Dax is a xenomorphic character in the fictional Star Trek universe. The Dax life form  is a symbiont—one that lives inside & bonds to Trill humanoid hosts. The first appearance of a Trill was in the episode "The Host" from the fourth season of Star Trek: The Next Generation; in that early version, the personality of the being was entirely that of Odan, the symbiont within the host, whereas the personalities of the Trills in Star Trek: Deep Space Nine are a blending of the symbiont Dax and its sequential Trill hosts. Two of Dax's hosts, Jadzia Dax and Ezri Dax, appear as major characters in Star Trek: Deep Space Nine. Others are only seen in flashbacks and when taking over others' bodies in the DS9 season 3 episode "Facets". Dax's hosts also appear in spin-offs such as Star Trek: The Human Frontier and The Lives of Dax.

Throughout the franchise's timeline, Dax has been joined with four men and five women, living for more than three hundred years in total.
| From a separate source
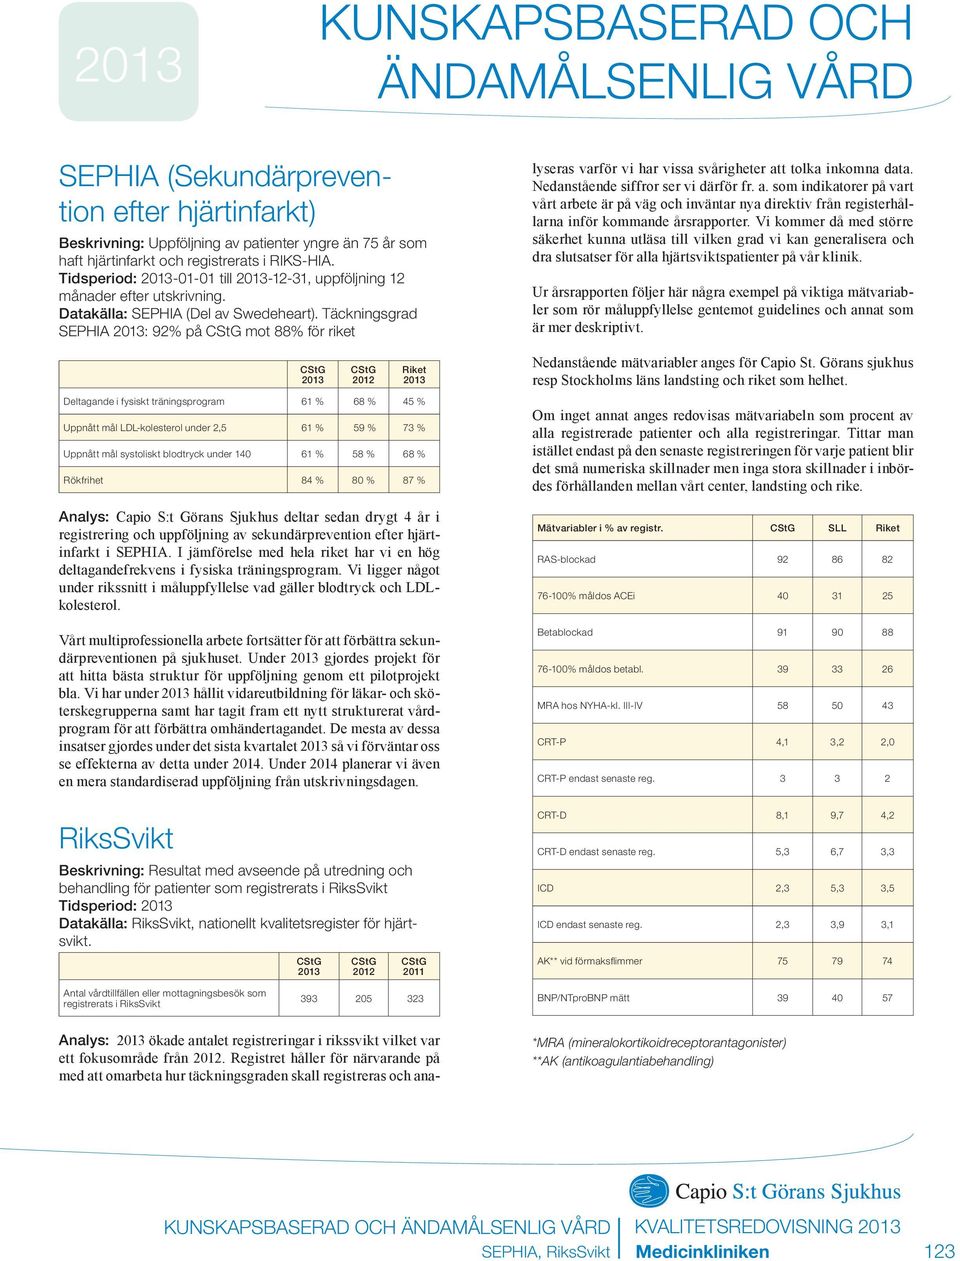 Täckningsgrad SEPHIA : 92% på mot 88% för riket Analys: ökade antalet registreringar i rikssvikt vilket var ett fokusområde från 2012.

Dax has been present for many important events in Star Trek history, such as the negotiation and signing of the Khitomer Accords (while joined with Curzon), the discovery of the Bajoran wormhole (while joined with Jadzia), and the end of the Dominion War (while joined with Ezri).

Official hosts

Lela Dax
Lela Dax is the first host of the Dax symbiont. Lela appears in the "Facets" Deep Space Nine episode where her consciousness takes over the body of Kira Nerys (Nana Visitor) at Jadzia's zhian'tara ceremony. She is the first Dax incarnation to which Jadzia speaks. Lela is shown as very sociable and easy-going. She comforts Jadzia and dispels her worries as Jadzia was anxious of what she might experience at the ceremony. When talking about herself, Lela says she was one of the first women to be elected to the Trill legislature. She says she took the habit of clasping her hands behind her back to curb excessive hand gesturing while speaking publicly. Jadzia finds she has inherited this behavior.

Tobin Dax
Tobin Dax is an engineer and mathematician in the Trill history and is the second host of the Dax symbiont. In the "Facets" episode, Tobin possesses Miles O'Brien (Colm Meaney). He is shown as extremely timid and shy in social situations. He is very nervous, biting O'Brien's fingernails and continuously making apologies for no real reason. Jadzia tells him she was able to recall his own proof of Fermat's Last Theorem and was fascinated by its original approach.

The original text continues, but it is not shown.